Caffeinated Critics

LACMA's new coffee canteen

The essential divide between food and art is a line drawn by pleasure.

No matter how avant-garde a restaurant may be, the relationship between chef and diner dictates that the experience had by the latter is gratifying. Great art, on the other hand, often challenges the viewer in a way that can leave a bitter taste.

So despite museum-adjacent locations, the various restaurants at LACMA operate on a different plane from, say, Michael Heizer's "Levitated Mass"–even if there's a cocktail inspired by the monolith.

Still, there's no better forum for talking about art than a coffee-cup-covered café table. And with the recent opening of Coffee + Milk, patrons can discuss topics like Chris Burden's late-career populism while fueled with the caffeine rush of an Intelligentsia latte or espresso.

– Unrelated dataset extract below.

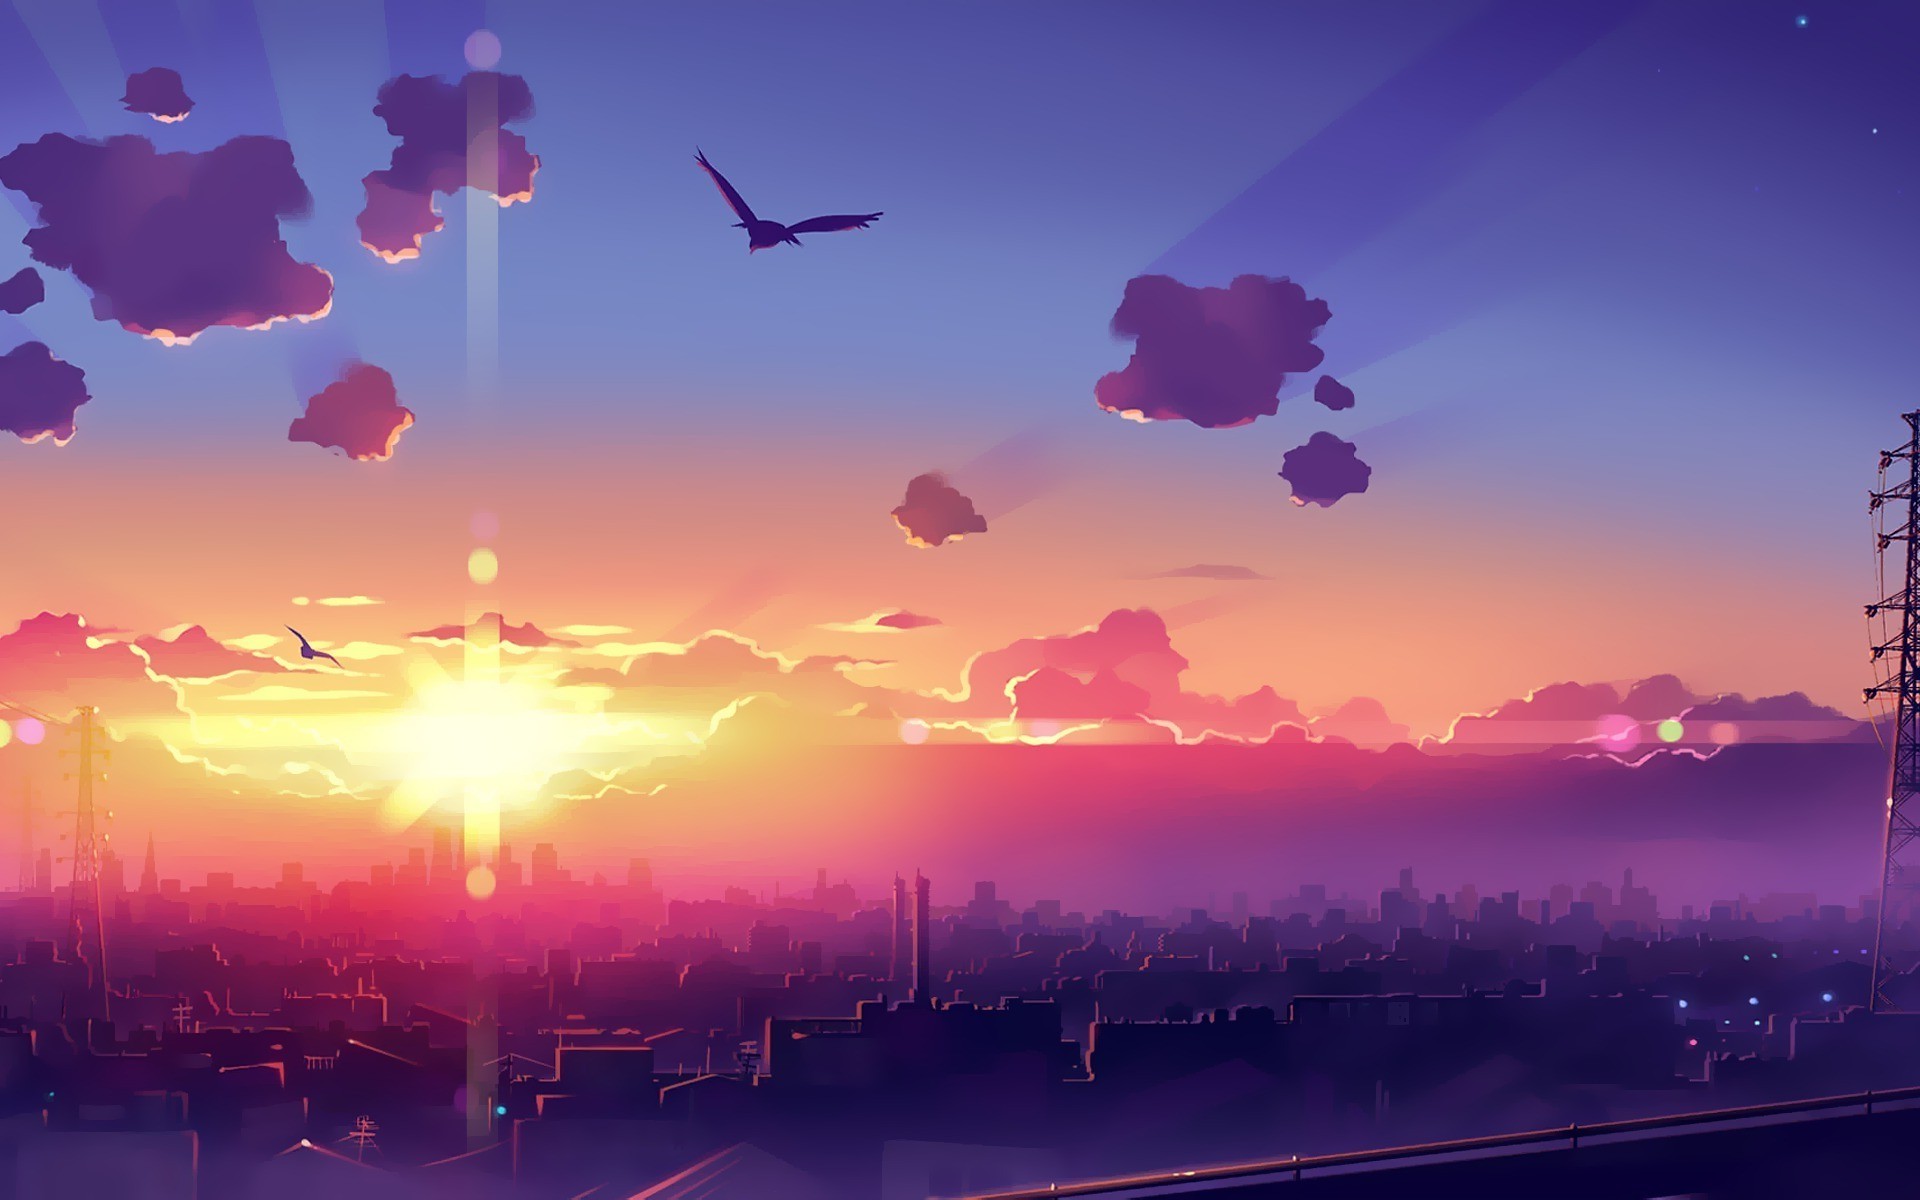 Artwork Fantasy Art Anime City Sunset Sky Wallpapers Sunset
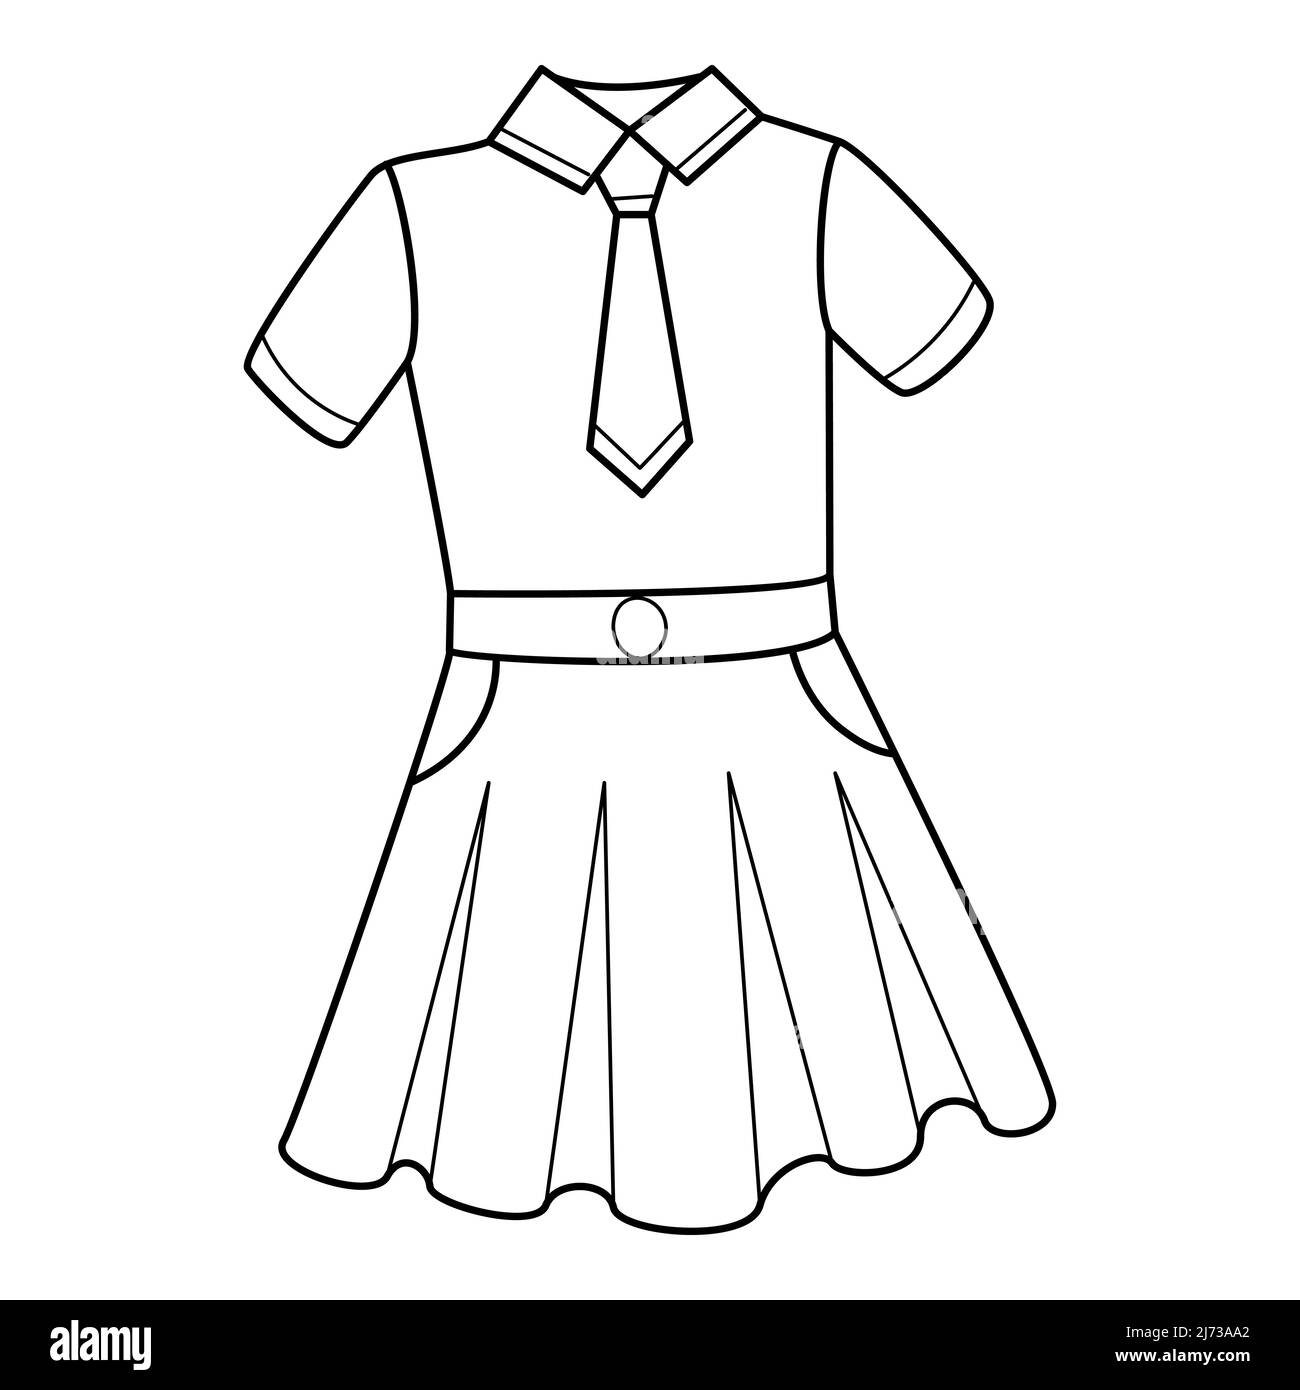 Uniformi scolastiche ragazze. Una blusa con cravatta e gonna. Vestiti. Doodle. Illustrazione vettoriale in bianco e nero disegnata a mano. Gli elementi di progettazione sono iso Illustrazione Vettoriale

There's sugary brain food to be had as well, courtesy of pastry chef Josh Graves, including hand pies ($5; pictured) filled with peaches from the cult East Bay orchards of Frog Hollow.

C + M also serves milkshakes, made from "milk sorbet" spun into a thin, icy drink that bears more textural resemblance to a smoothie than to any classic malt.

Skip over coffee for a booze-spiked milkshake, and the art talk will only get more interesting.